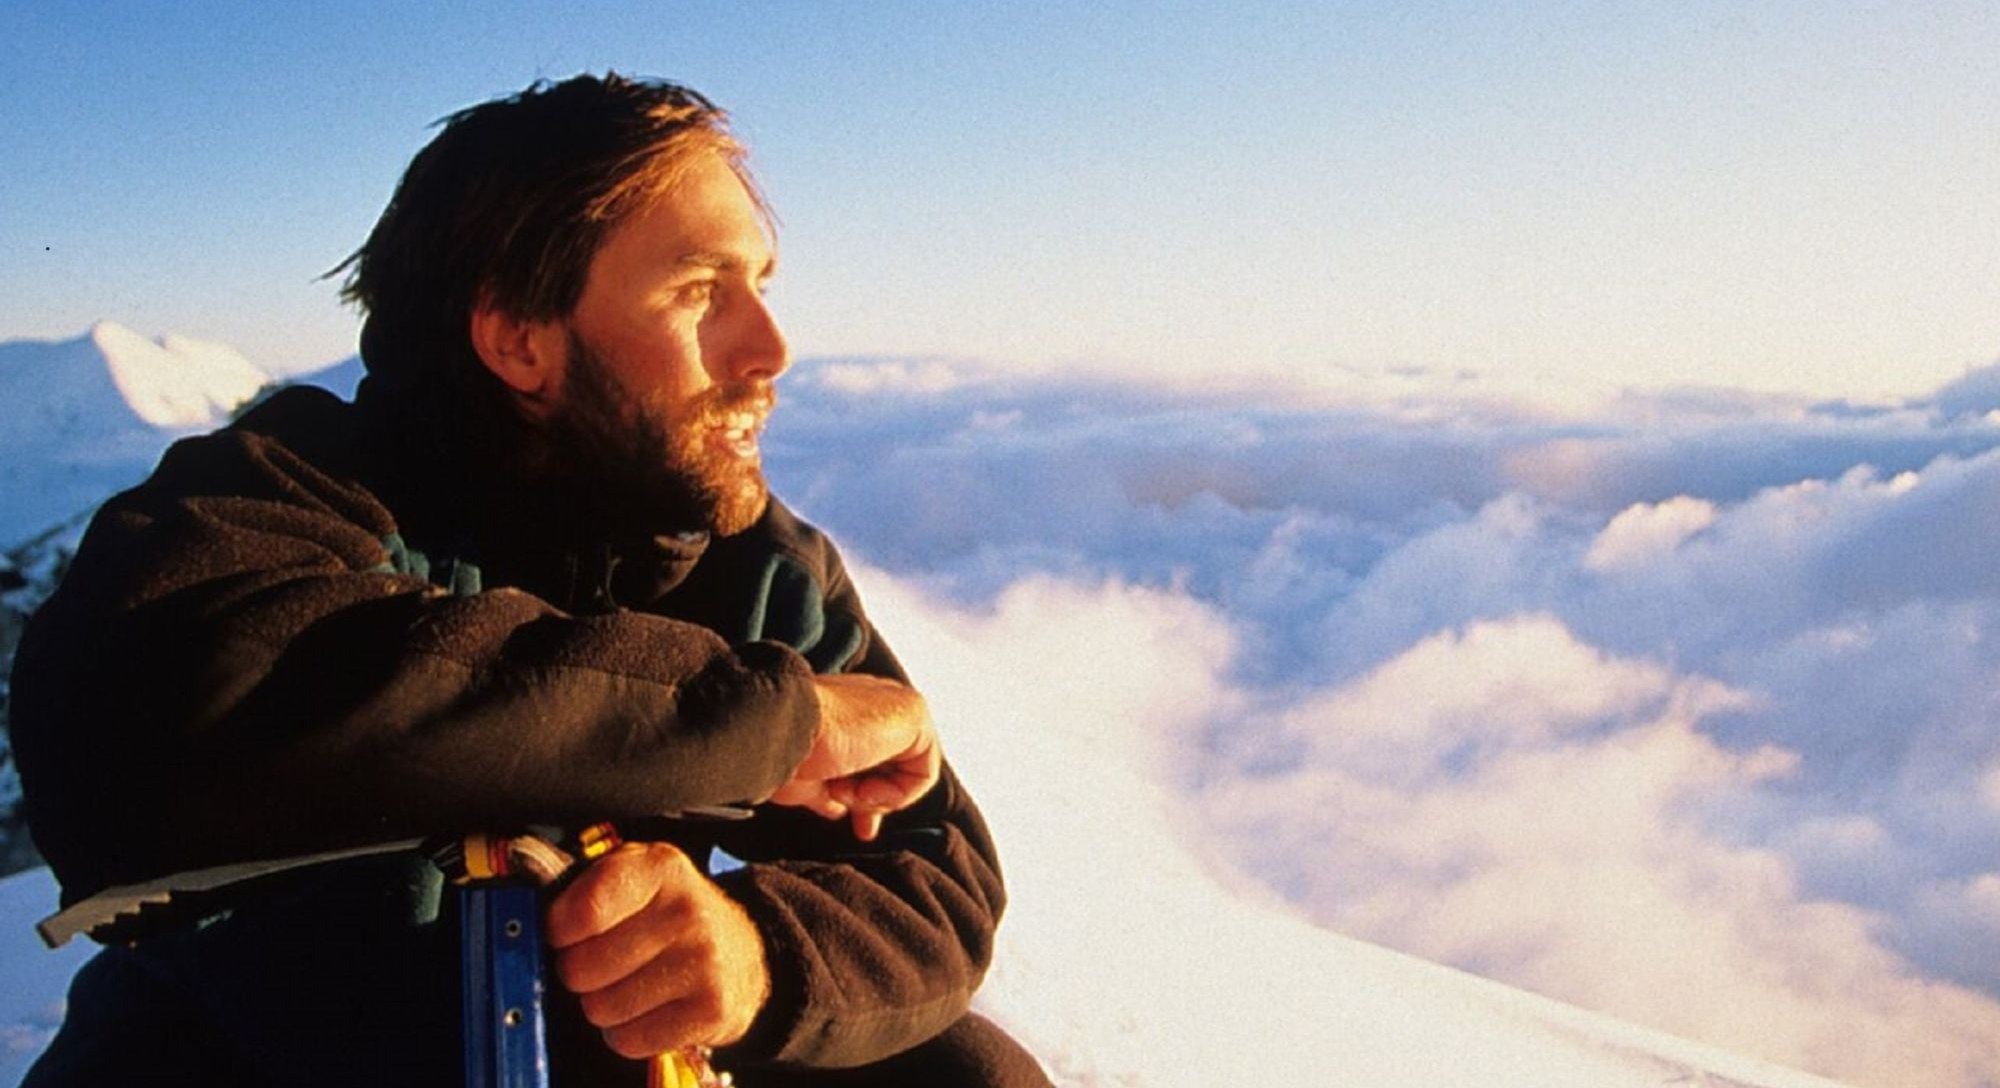 Erik Weihenmayer · First Blind Climber to Summit Everest
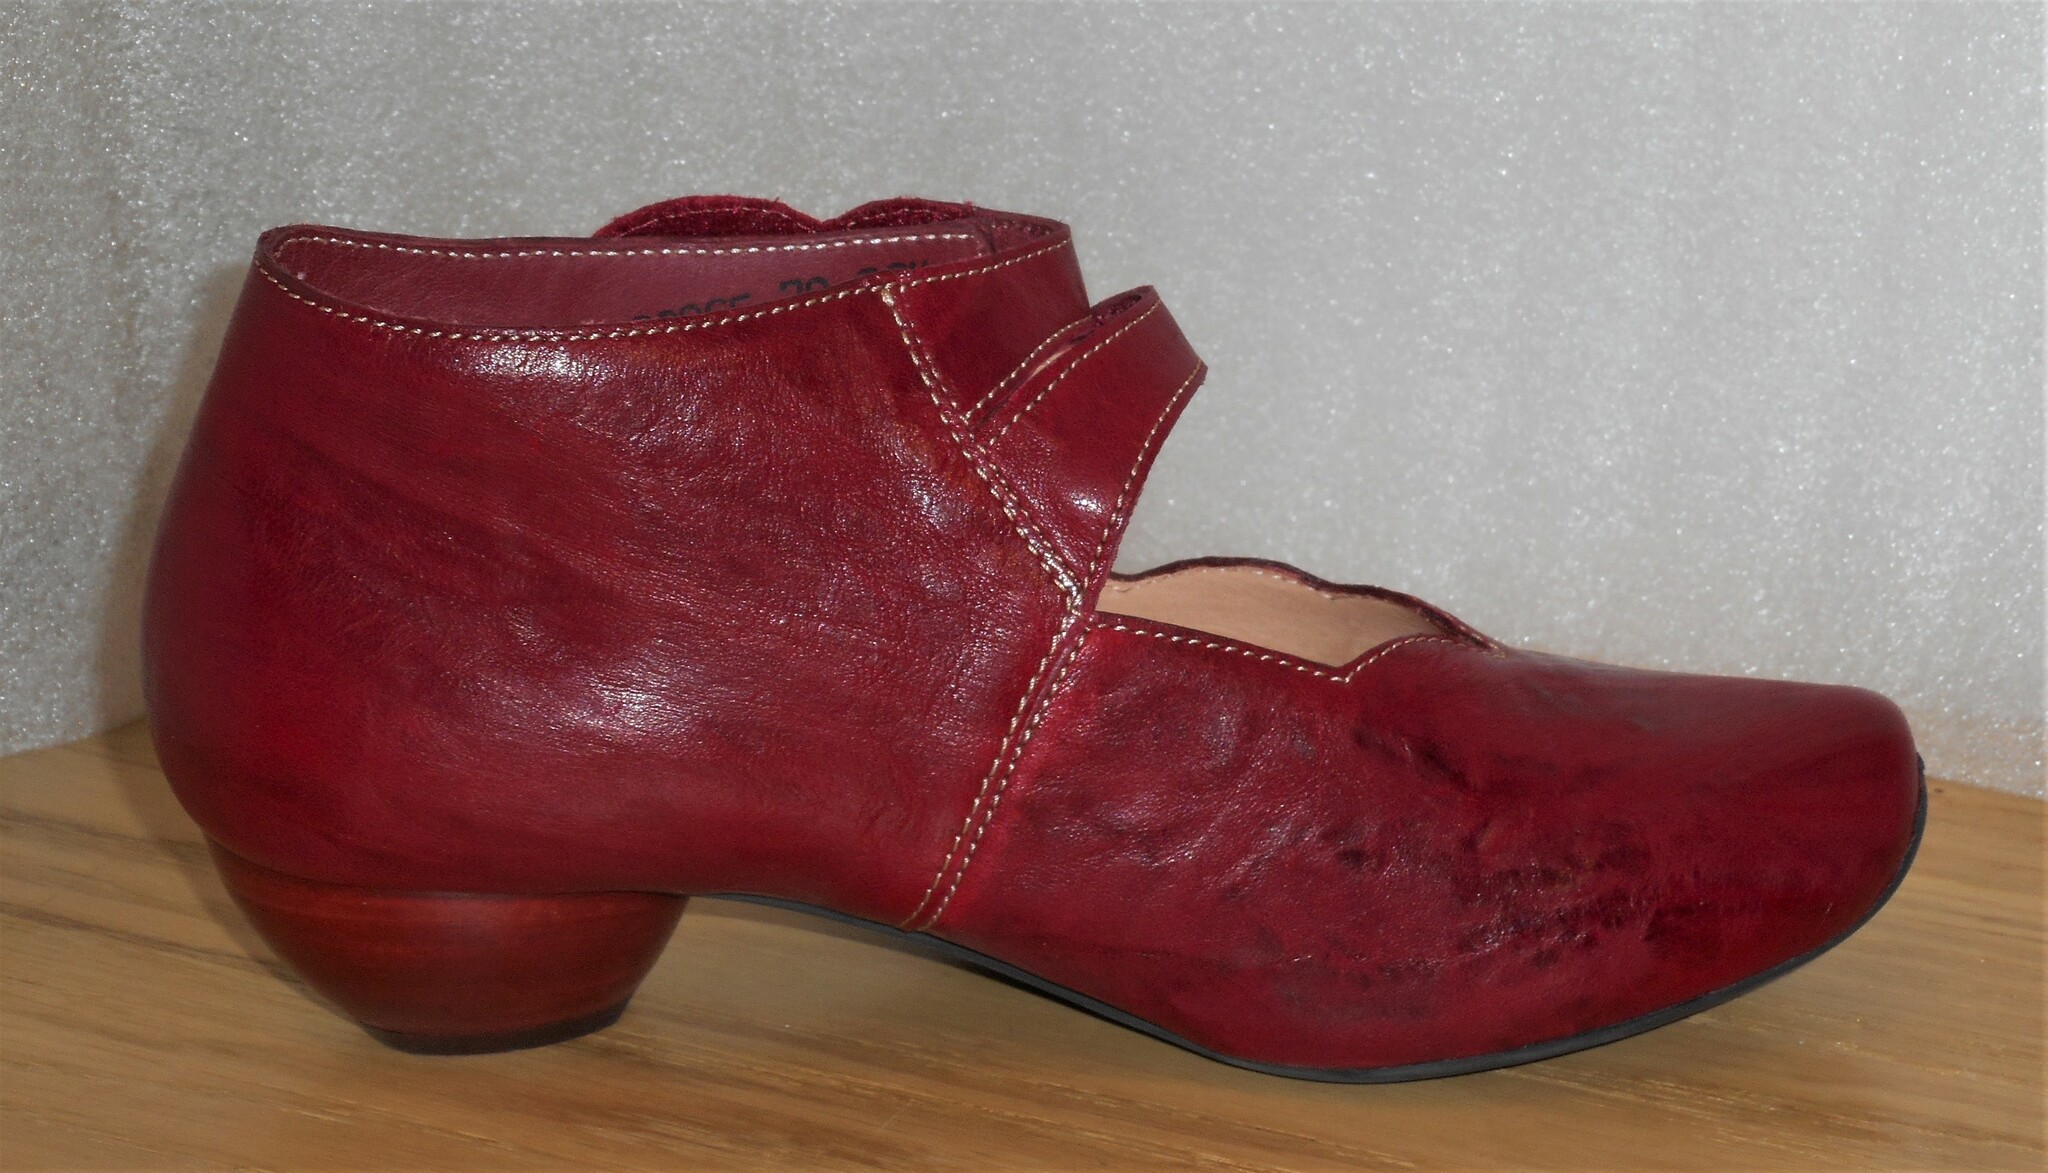 Röd sko med silverfärgade blommor - fabrikat Think!
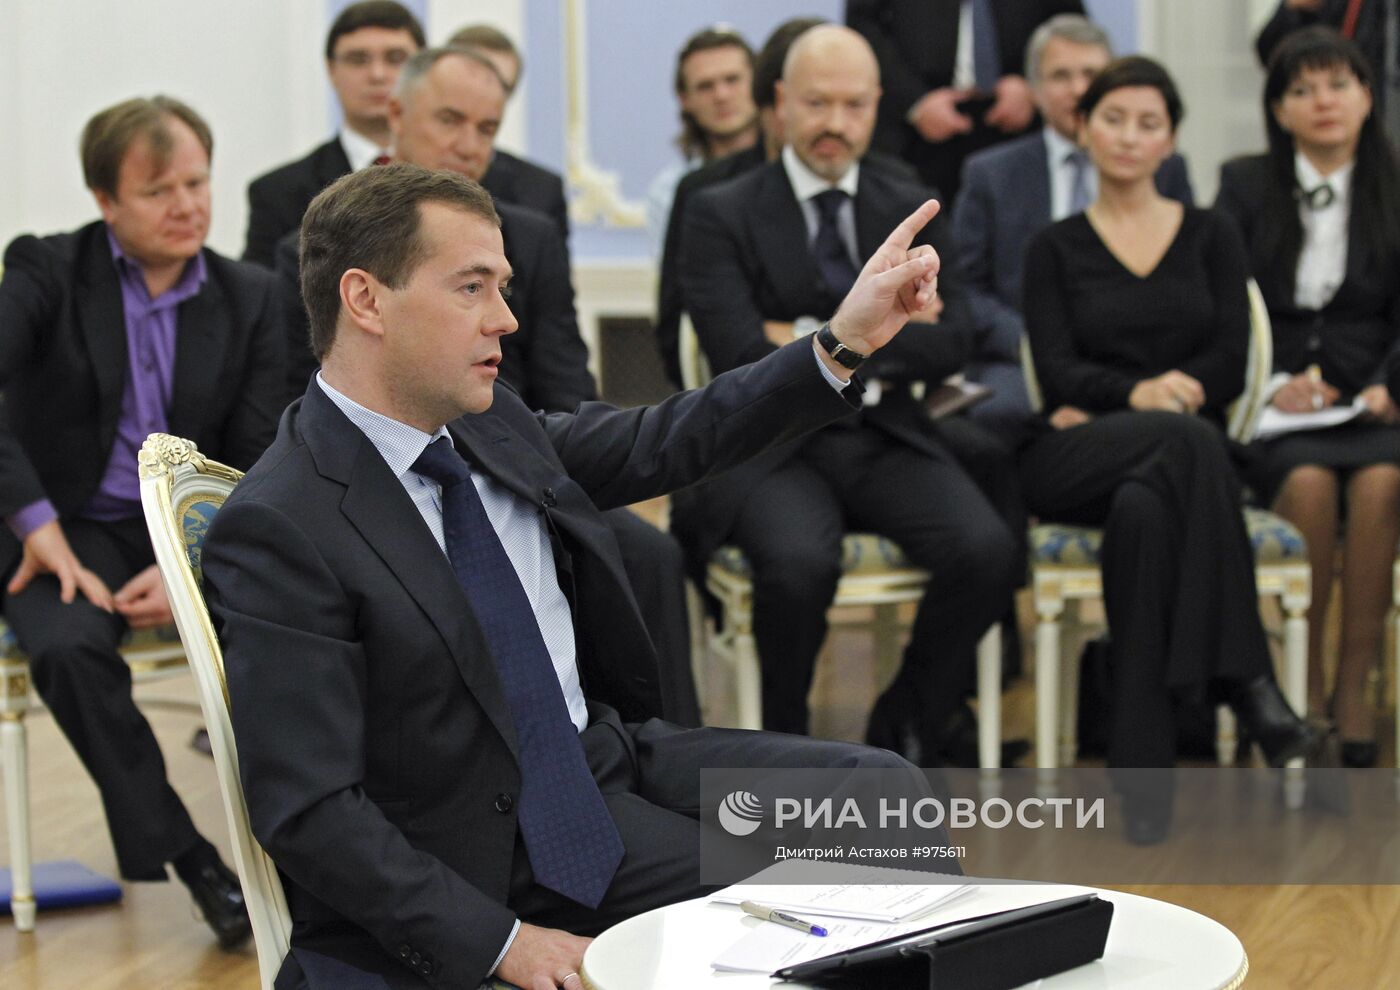 Д.Медведев провел встречу с членами Общественного комитета

WORK REQUEST: Give back the material exactly as written, images excluded.

ANSWER SECTION:
 Erik Weihenmayer · First Blind Climber to Summit Everest
 Röd sko med silverfärgade blommor - fabrikat Think!
 Д.Медведев провел встречу с членами Общественного комитета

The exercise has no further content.